For now, generative AI helps replace many mechanical functions in our field as well. There is no need to “spit against the wind”: editing, data checks and many functions can be easily integrated — for a competent professional, it is a convenient tool. For a fool and those around him, it is a real headache, because from a creative standpoint, AI is still engaged in plagiarism, harvesting ideas, texts and content. As a result, every file you receive has to be double-checked, so that you do not inadvertently become a publisher of plagiarism, with all the legal consequences that entails. At AxelMondrian, we already have a policy on the use of AI and its limitations, and it is public.

Incidentally, we have already had a case where we were approached for crisis communications precisely because of a problem caused by AI-driven plagiarism. An importing company in Armenia had outsourced the management of the social media pages of a well-known brand it represents to a group of freelancers. The latter published well-crafted texts generated by AI, as many do. This continued until one day the brand’s competitor sued the brand itself for unfair competition and plagiarism.

On the eve of this, I had been invited to give a public lecture, and we discussed this topic at length. I tried to convey to students that AI is not your enemy — there is no need to fear it. Your enemy is mediocrity.

– Should communication shape taste and set precedents, or should it solve concrete problems, such as sales or market growth? And is it possible to combine the two?

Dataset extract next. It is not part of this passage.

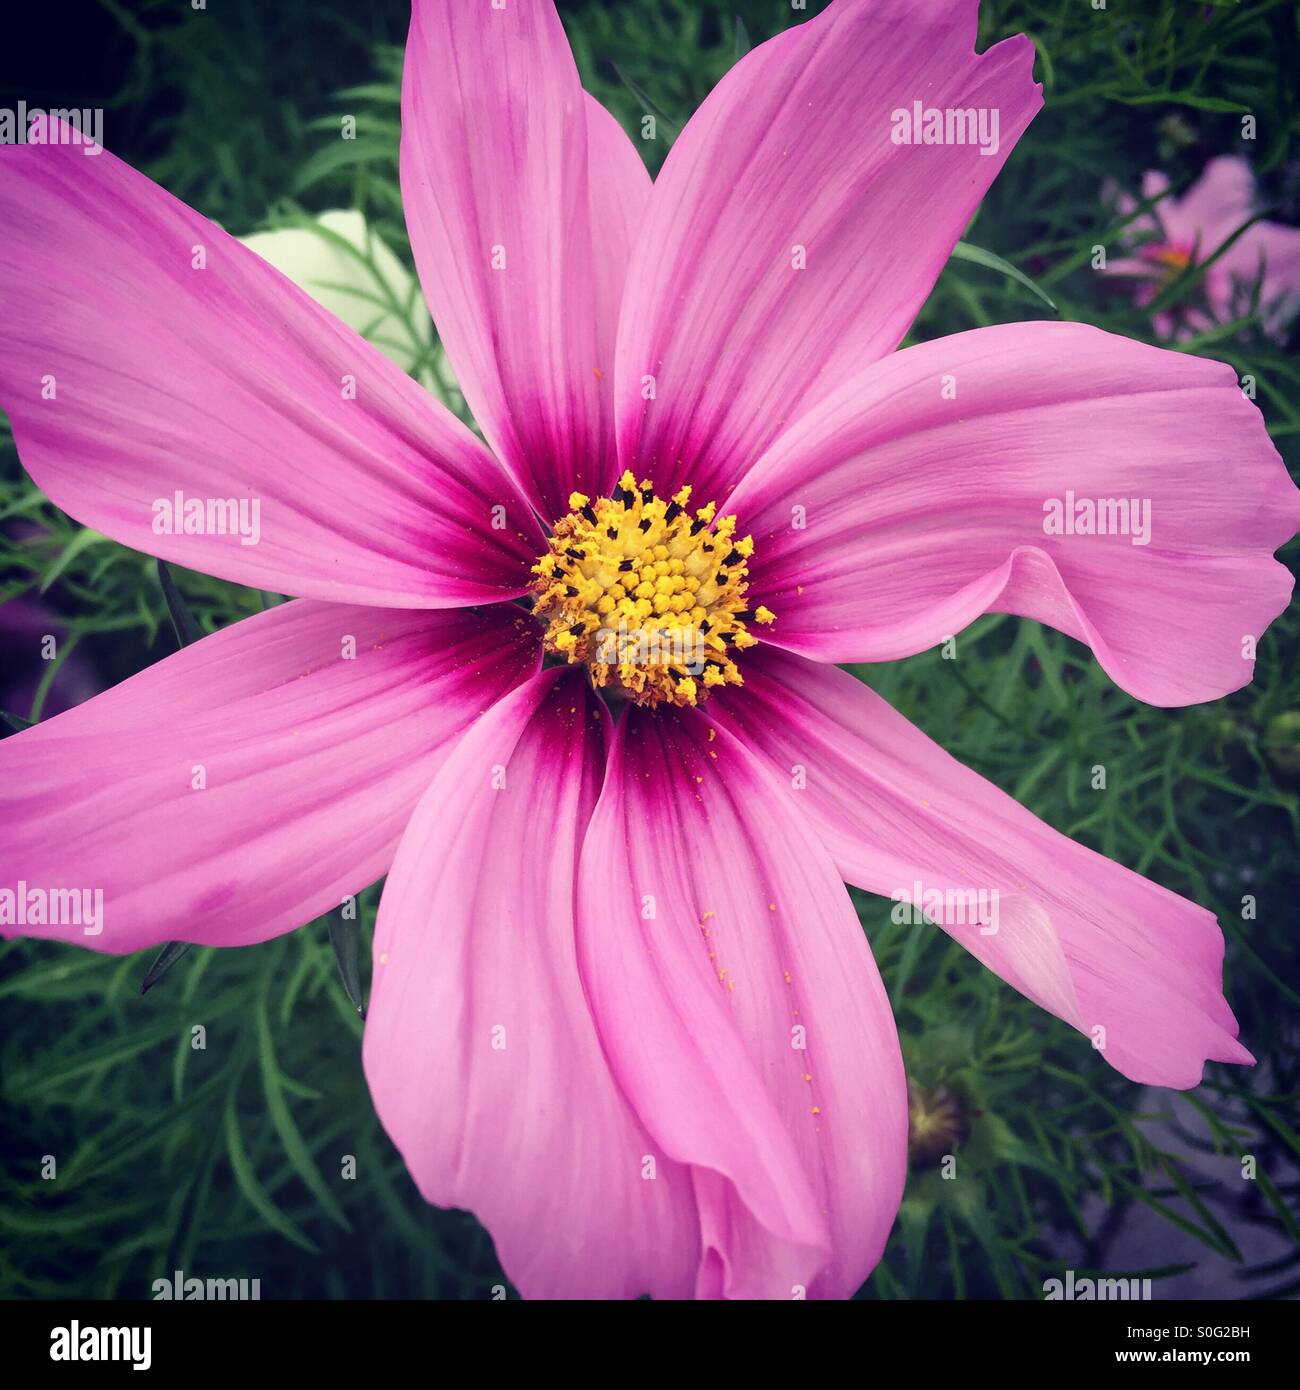 Cosmos rose flower close-up Banque D'Images

– David Perell wrote a brilliant essay, The Microwave Economy, in which he argues that people’s lives have improved because, in five minutes, you can heat up and enjoy even the most complex restaurant dish, without spending much money or time. And that is true. Today, all resources and energy are concentrated on making the world “cheaper” rather than more “functional”, or more “unique” rather than more “meaningful”.

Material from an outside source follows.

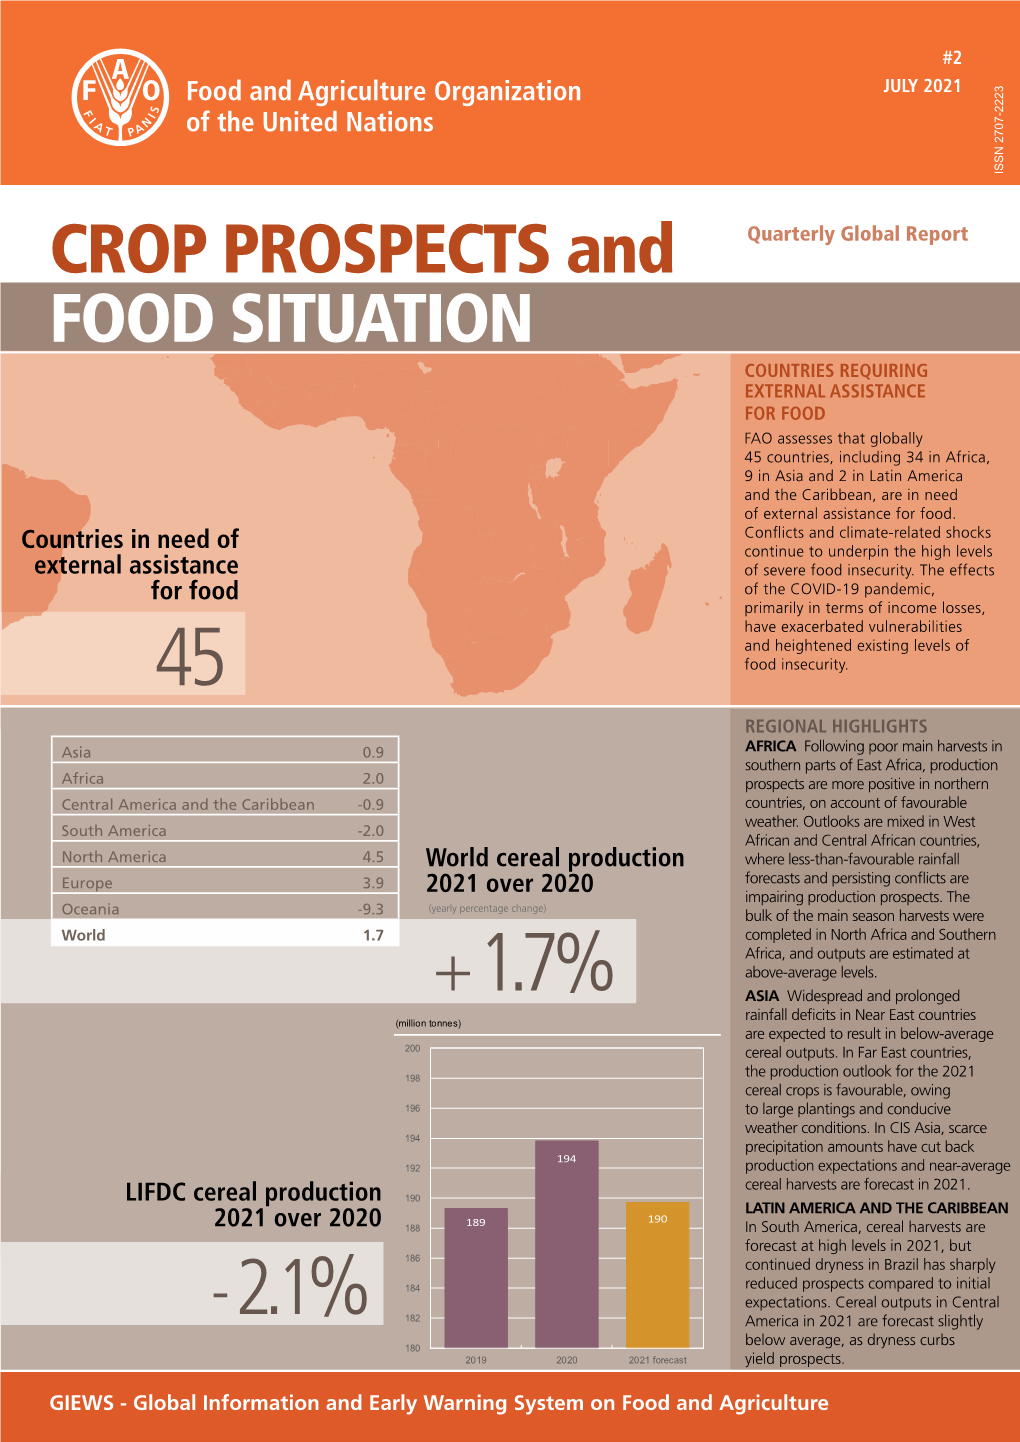 Crop Prospects and Food Situation #2, July 2021

Under the banner of progress, art, poetry and rhythm are treated as archaisms. Beauty is considered irrational, not measurable. Businesses want to speak in numbers. “It makes no difference to me whether you show dog excrement on screen or something else — what matters is that there are sales,” one well-known businessman once told me while formulating his marketing problem. I considered that he was entitled to his desired outcome, but that it was our task, in solving the problem as he defined it, to ensure that “excrement” did not end up being presented as a campaign. It is our professional duty to think about the consequences of a frame or a story, to dignify people, to inspire and to create meaning.


Business will never say: let’s do something aesthetic, enjoy ourselves, and end our activity there. Short-sighted businesses want sales; strategically minded businesses want to create viable ideas, stories and ideals to ensure business continuity. At AxelMondrian, we try to be patient and to walk the road together with those businesses that are playing not to score a single goal, but to win the championship again and again.

– As the year is coming to an end, I cannot avoid the traditional question: how are you “closing the year”? What do you consider the main achievements of 2025, and what plans are outlined for 2026?

– We almost always say: “this year was the hardest”. Then the next year comes along, and at the end of it we say again that that year was the hardest. The greatest achievement of 2025 was that we survived (laughs — ed.). We implemented 21 complex projects in one year. We need rest — and for 2026, health. We have three pro bono projects planned for 2026. I pray to the Lord for strength and perseverance to bring them to life.